I've been running a series of tests on RHEL3, RHEL4, and RHEL5. The
short of it is that all of them keep time quite well with 1 vcpu. In the
case of RHEL3 and RHEL4 time is stable for *both* the uniprocessor and
smp kernels, again with only 1 vcpu (there's no up/smp distinction in
the kernels for RHEL5).

As soon as the number of vcpus is >1, time drifts systematically with
the guest *leading* the host. I see this on unloaded guests and hosts
(ie., cpu usage on the host ~<5%). The drift is averaging around
0.5%-0.6% (i.e., 5 seconds gained in the guest per 1000 seconds of real
wall time).

This very reproducible. All I am doing is installing stock RHEL3.8, 4.4
and 5.2, i386 versions, starting them and watching the drift with no
time servers. In all of these recent cases the results are for in-kernel
pit.

more in-line below.


Marcelo Tosatti wrote:
> On Sat, Jul 12, 2008 at 01:28:13PM -0600, David S. Ahern wrote:
>>> All time drift issues we were aware of are fixed in kvm-70. Can you
>>> please provide more details on how you see the time drifting with
>>> RHEL3/4 guests? It slowly but continually drifts or there are large
>>> drifts at once? Are they using TSC or ACPIPM as clocksource?
>> The attached file shows one example of the drift I am seeing. It's for a
>> 4-way RHEL3 guest started with 'nice -20'. After startup each vcpu was
>> pinned to a physical cpu using taskset. The only activity on the host is
>> this one single guest; the guest is relatively idle -- about 4% activity
>> (~1% user, ~3% system time). Host is synchronized to an ntp server; the
>> guest is not. The guest is started with the -localtime parameter.  From
>> the file you can see the guest gains about 1-2 seconds every 5 minutes.
>>
>> Since it's a RHEL3 guest I believe the PIT is the only choice (how to
>> confirm?), though it does read the TSC (ie., use_tsc is 1).
> 
> Since its an SMP guest I believe its using PIT to generate periodic
> timers and ACPI pmtimer as a clock source.

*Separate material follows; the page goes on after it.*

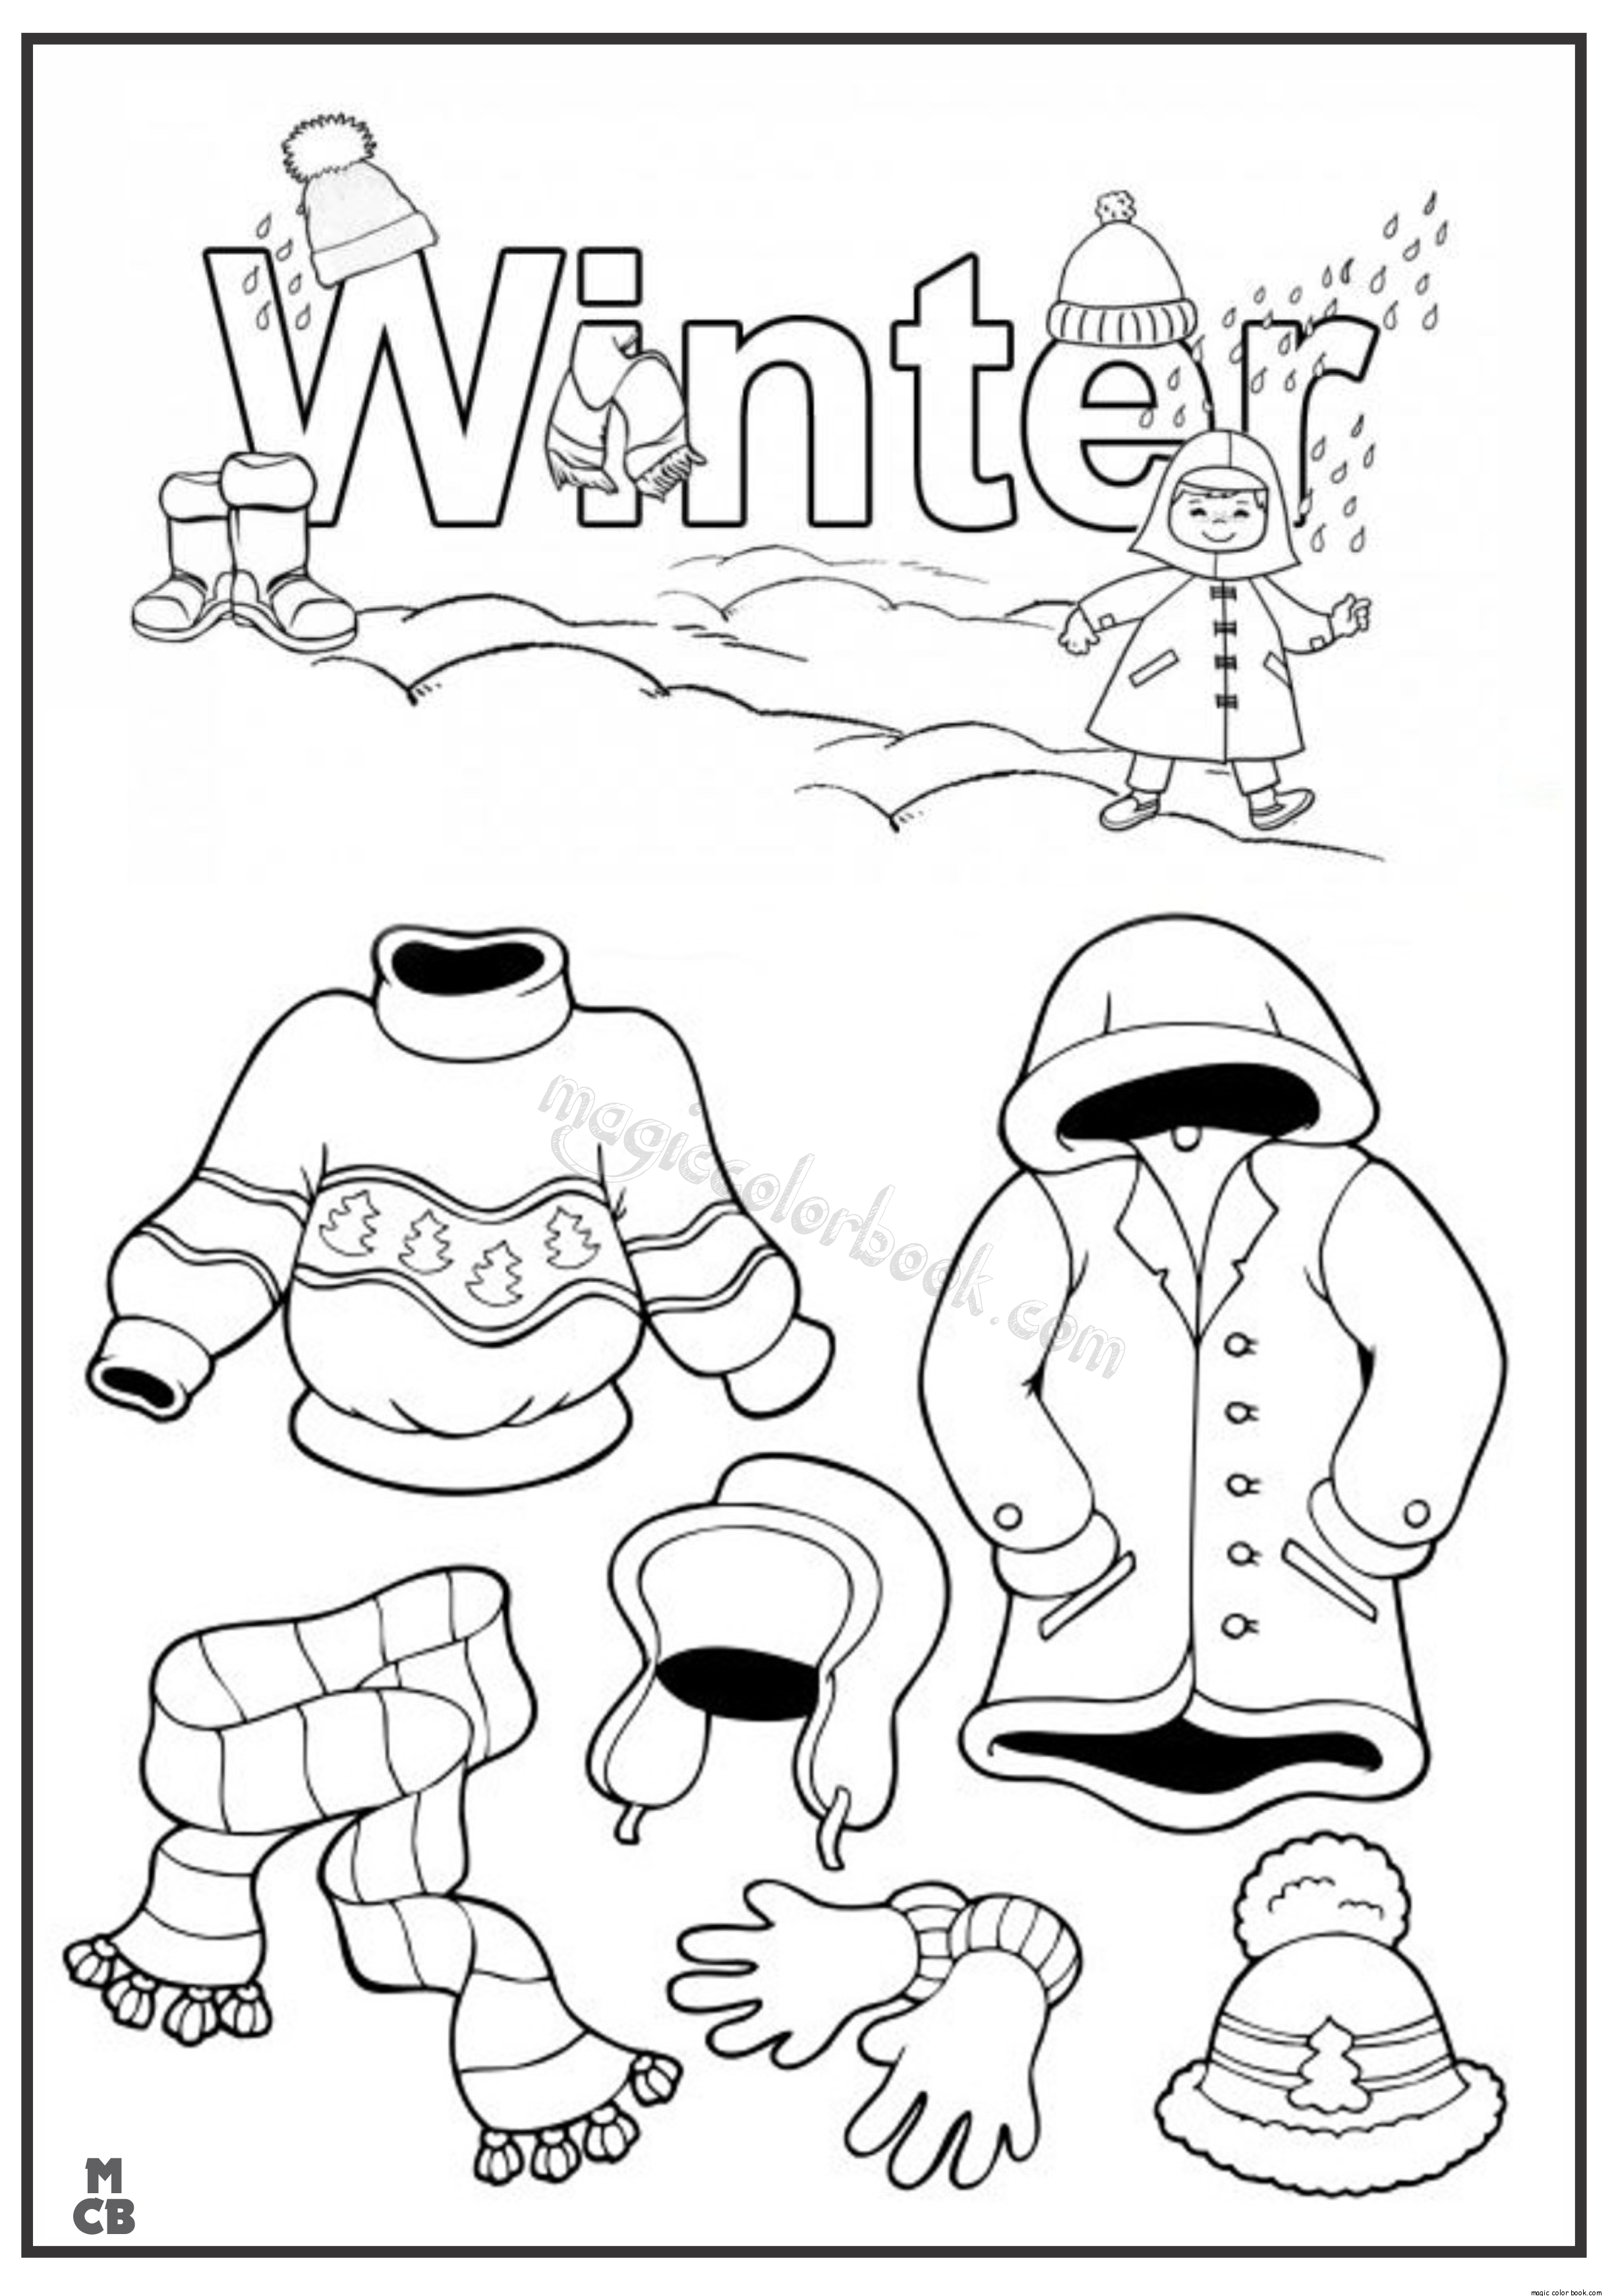 Drawing Winter season #164723 (Nature) – Printable coloring pages

Since my last post, I've been reading up on timekeeping and going
through the kernel code -- focusing on RHEL3 at the moment. AFAICT the
PIT is used for timekeeping, and the local APIC timer interrupts are
used as well (supposedly just for per-cpu system accounting, though I
have not gone through all of the code yet). I do not see references in
dmesg data regarding pmtimer; I thought RHEL3 was not ACPI aware.

> 
>>> Also, most issues we've seen could only be replicated with dyntick
>>> guests.
>>>
>>> I'll try to reproduce it locally.
>>>
>>>> In the course of it I have been launching guests with boosted priority
>>>> (both nice -20 and realtime priority (RR 1)) on a nearly 100% idle
>>>> host.
>>> Can you also see wacked bogomips without boosting the guest priority?
>> The wacked bogomips only shows up when started with real-time priority.
>> With the 'nice -20' it's sane and close to what the host shows.
>>
>> As another data point I restarted the RHEL3 guest using the -no-kvm-pit
>> and -tdf options (nice -20 priority boost). After 22 hours of uptime,
>> the guest is 29 seconds *behind* the host. Using the in-kernel pit the
>> guest time is always fast compared to the host.
>>
>> I've seen similar drifting in RHEL4 guests, but I have not spent as much
>> time investigating it yet. On ESX adding clock=pit to the boot
>> parameters for RHEL4 guests helps immensely.
> 
> The problem with clock=pmtmr and clock=tsc on older 2.6 kernels is lost
> tick and irq latency adjustments, as mentioned in the VMWare paper
> (http://www.vmware.com/pdf/vmware_timekeeping.pdf). They try to detect
> this and compensate by advancing the clock. But the delay between the
> host time fire, injection of guest irq and actual count read (either
> tsc or pmtimer) fool these adjustments. clock=pit has no such lost tick
> detection, so is susceptible to lost ticks under load (in theory).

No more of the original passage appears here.